> Material provided
· · · ·
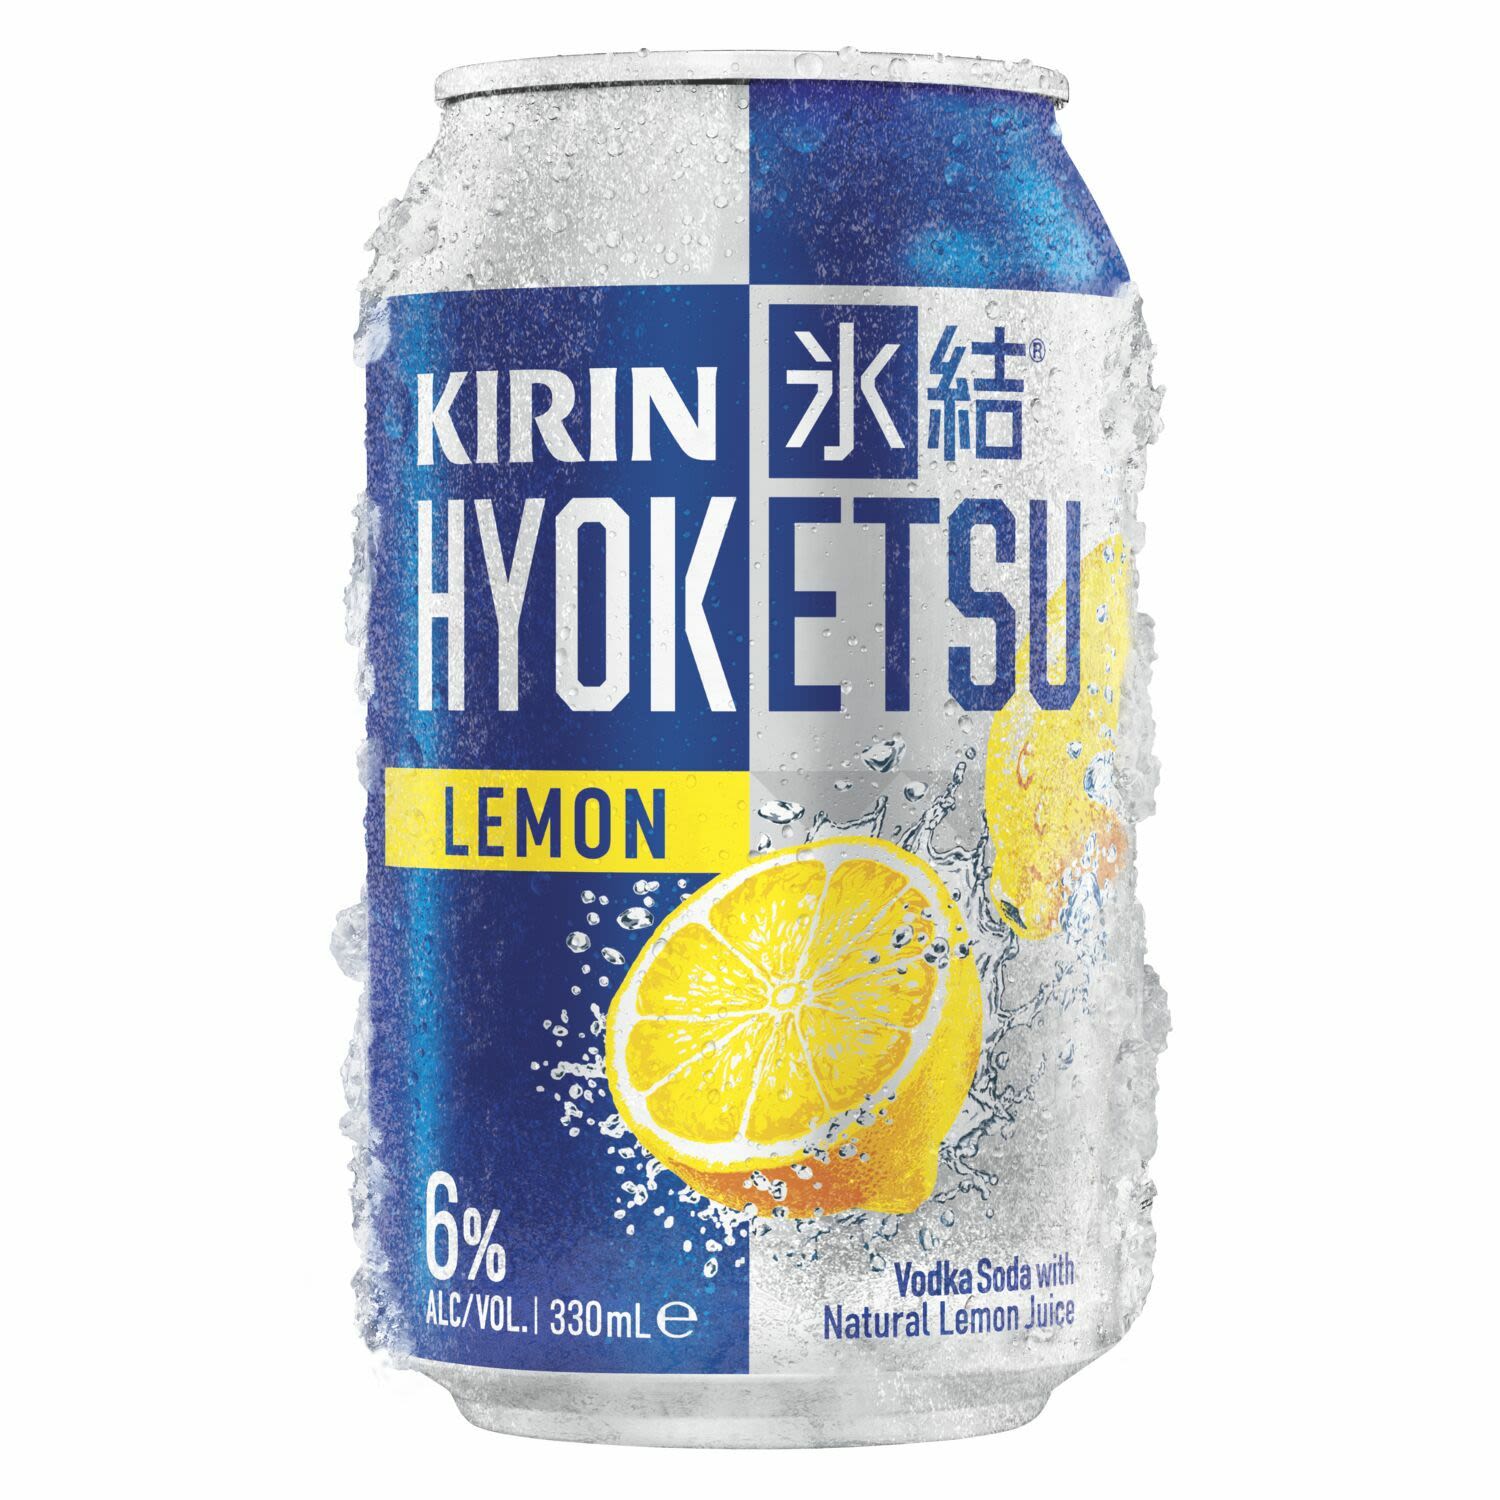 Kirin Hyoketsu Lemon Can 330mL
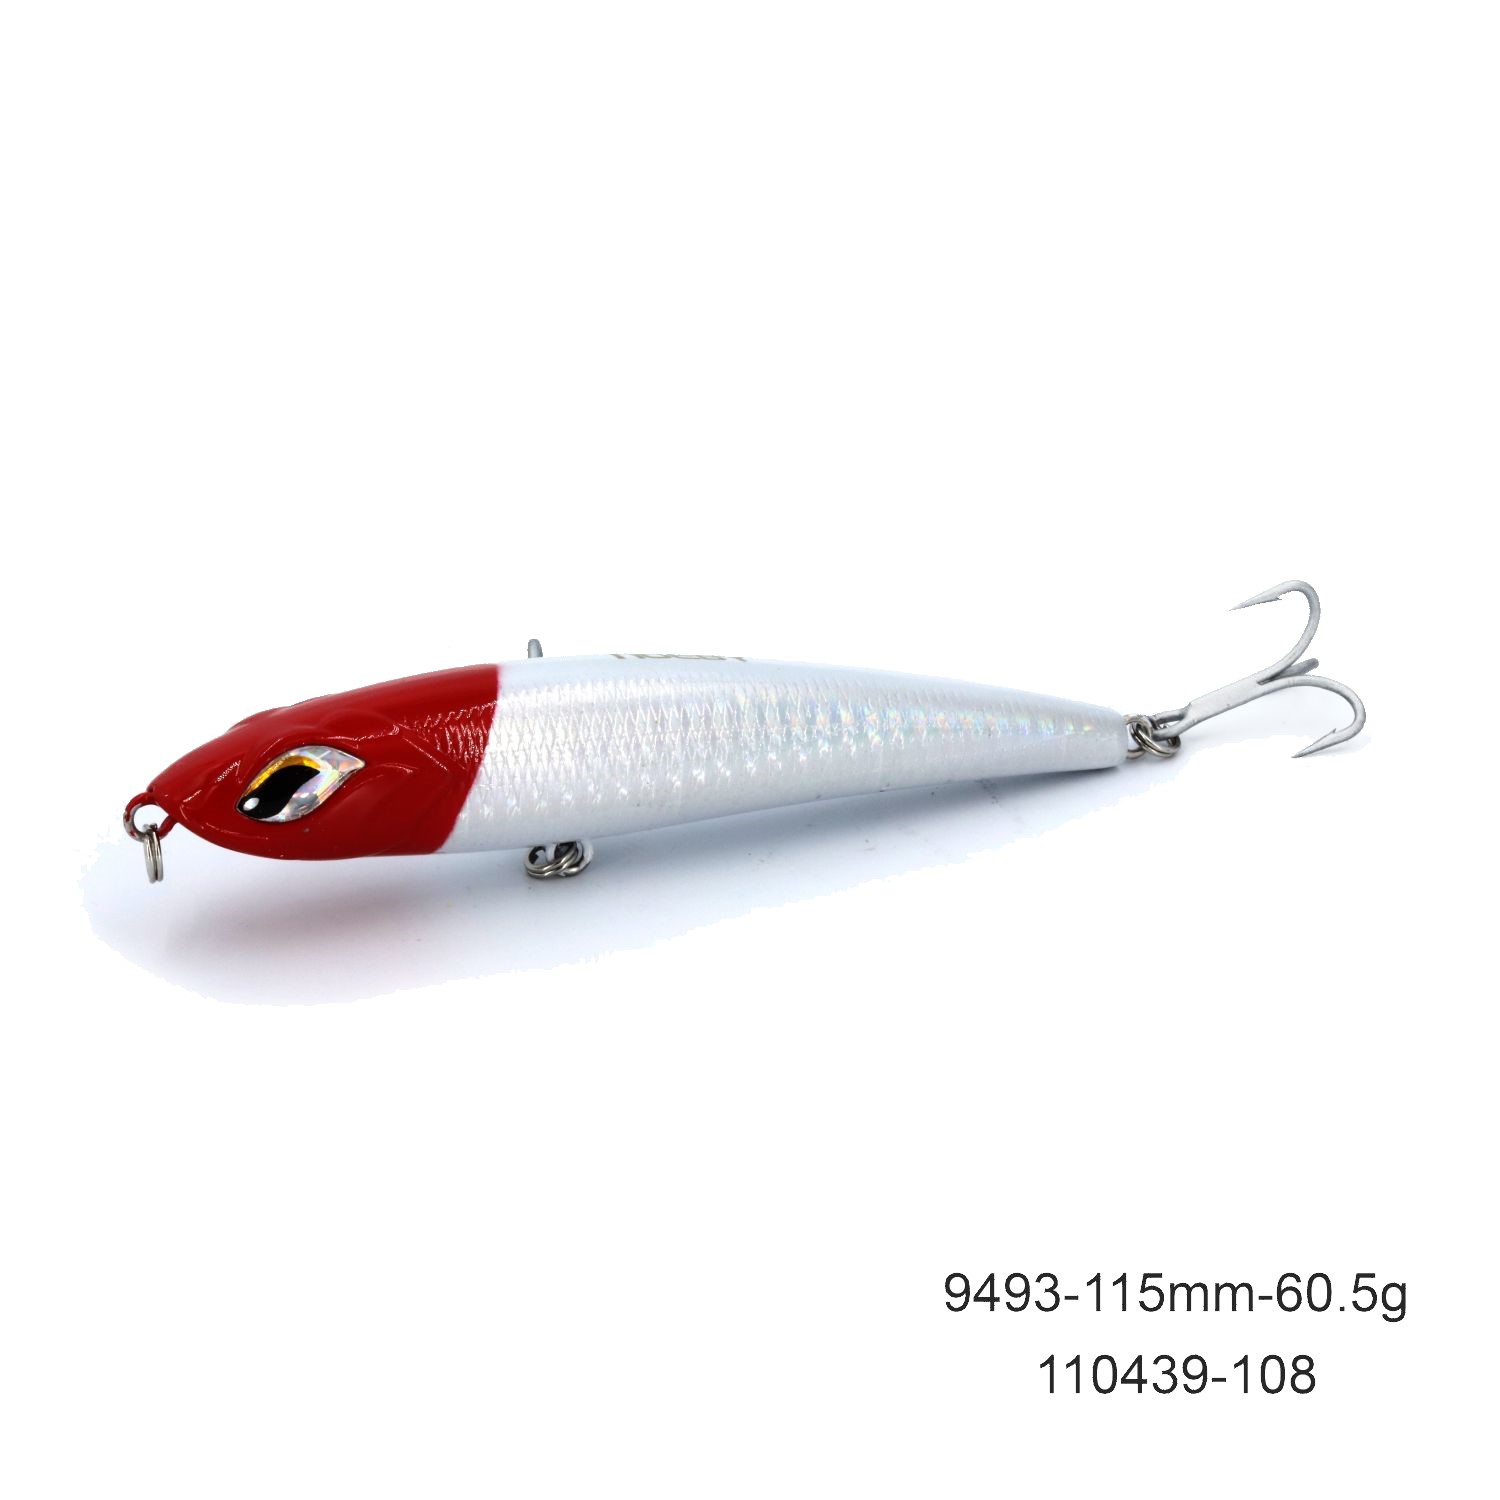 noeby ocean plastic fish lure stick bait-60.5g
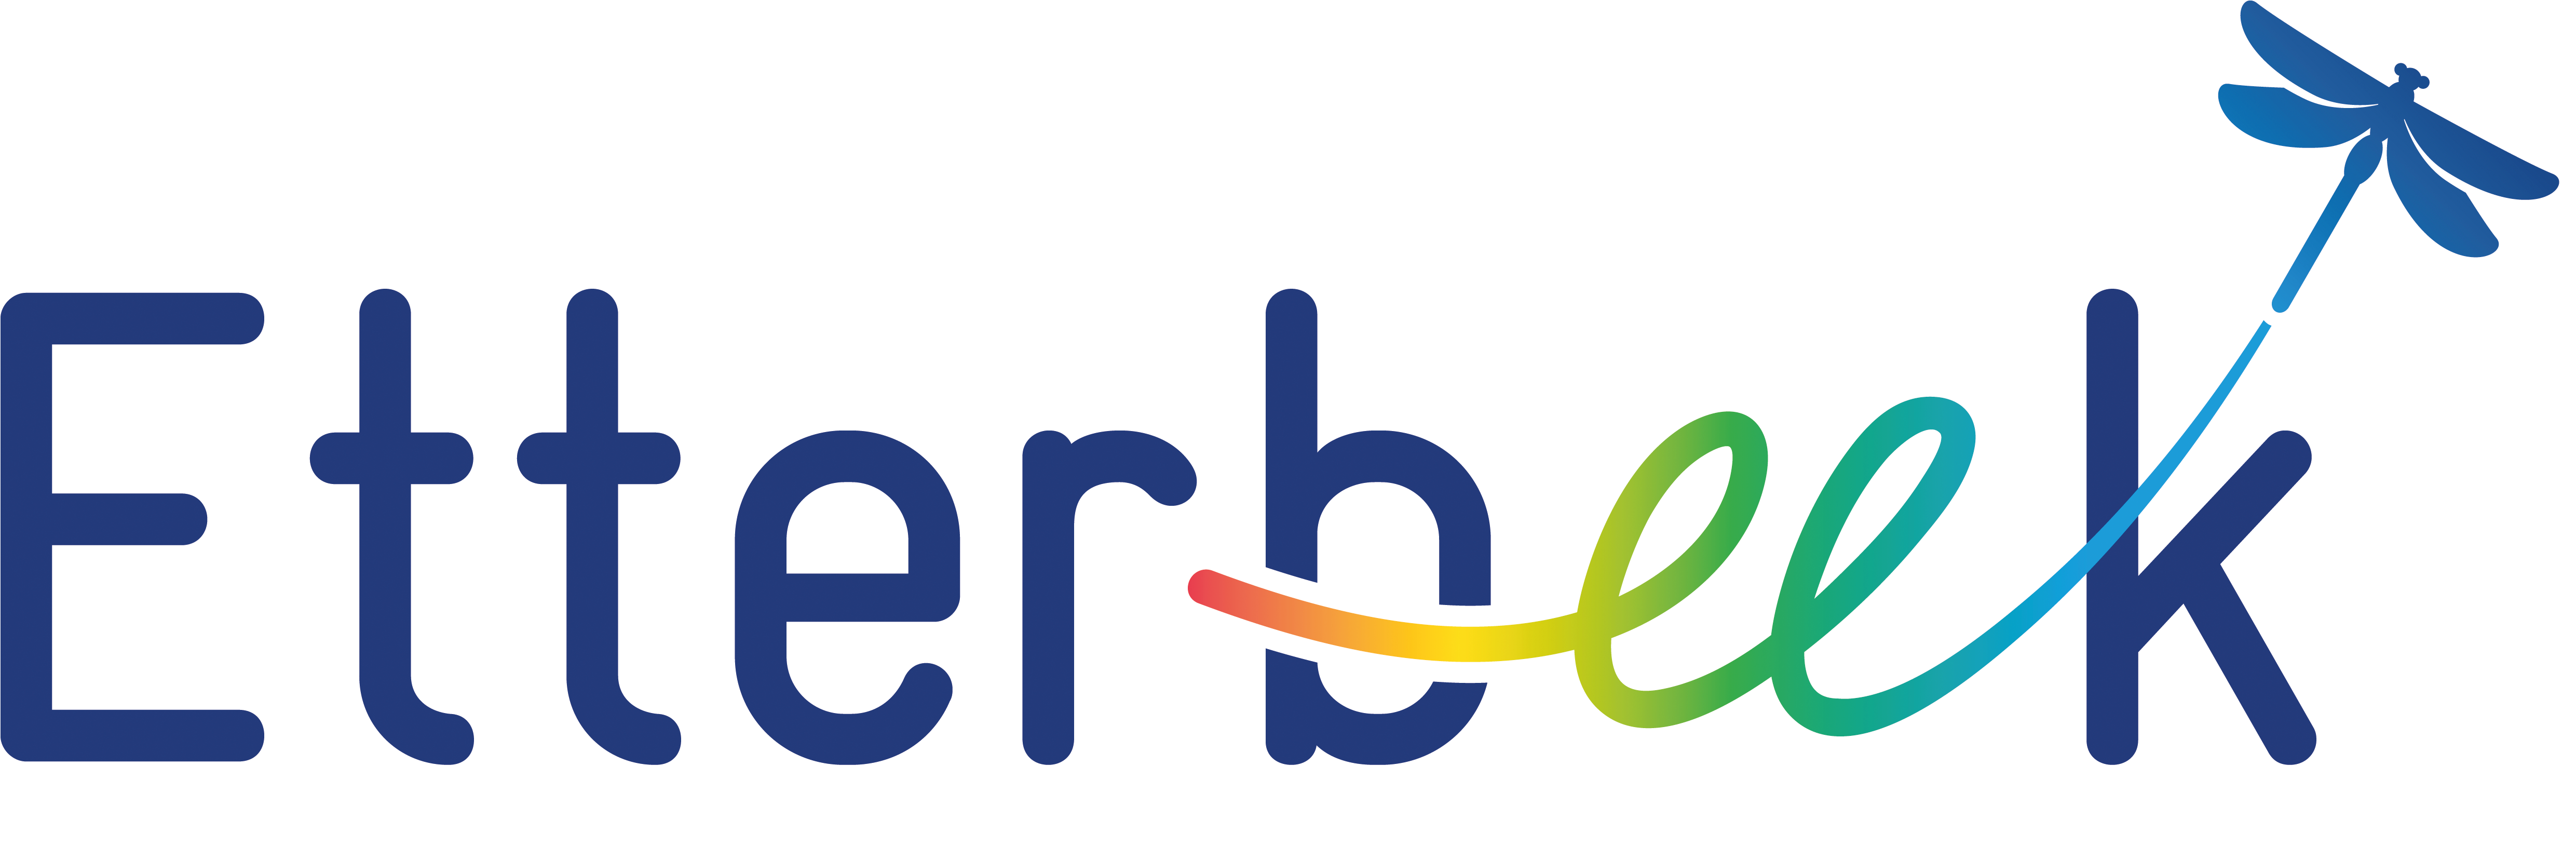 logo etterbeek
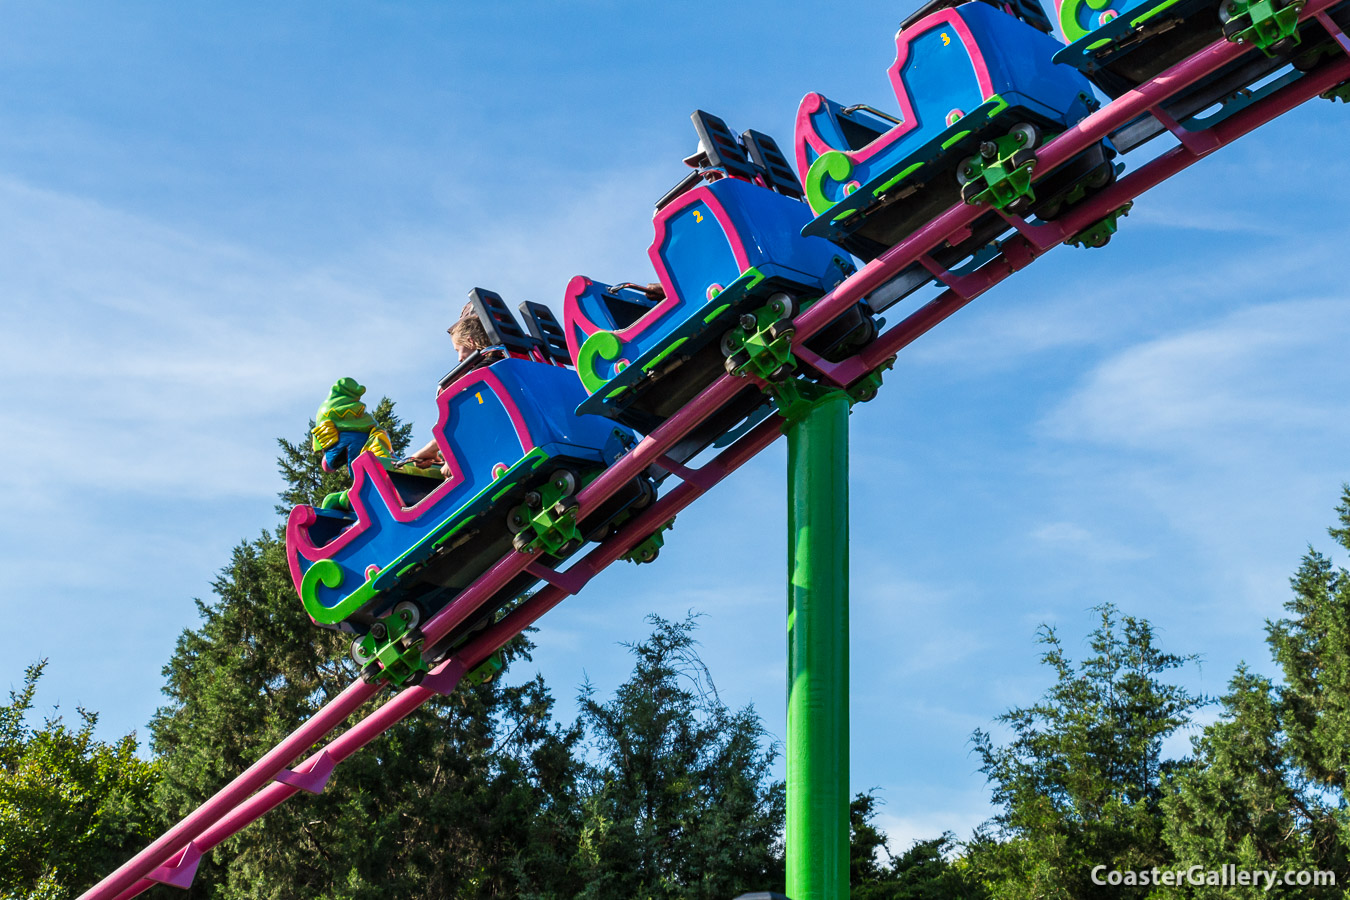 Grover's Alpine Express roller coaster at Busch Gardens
· · · ·
> Description of the task
The expected output is the lines from the line that contains "noeby ocean plastic" through the last line of the material, reproduced exactly, with both ends present and pictures absent.

> Reply
 noeby ocean plastic fish lure stick bait-60.5g
 logo etterbeek
 Grover's Alpine Express roller coaster at Busch Gardens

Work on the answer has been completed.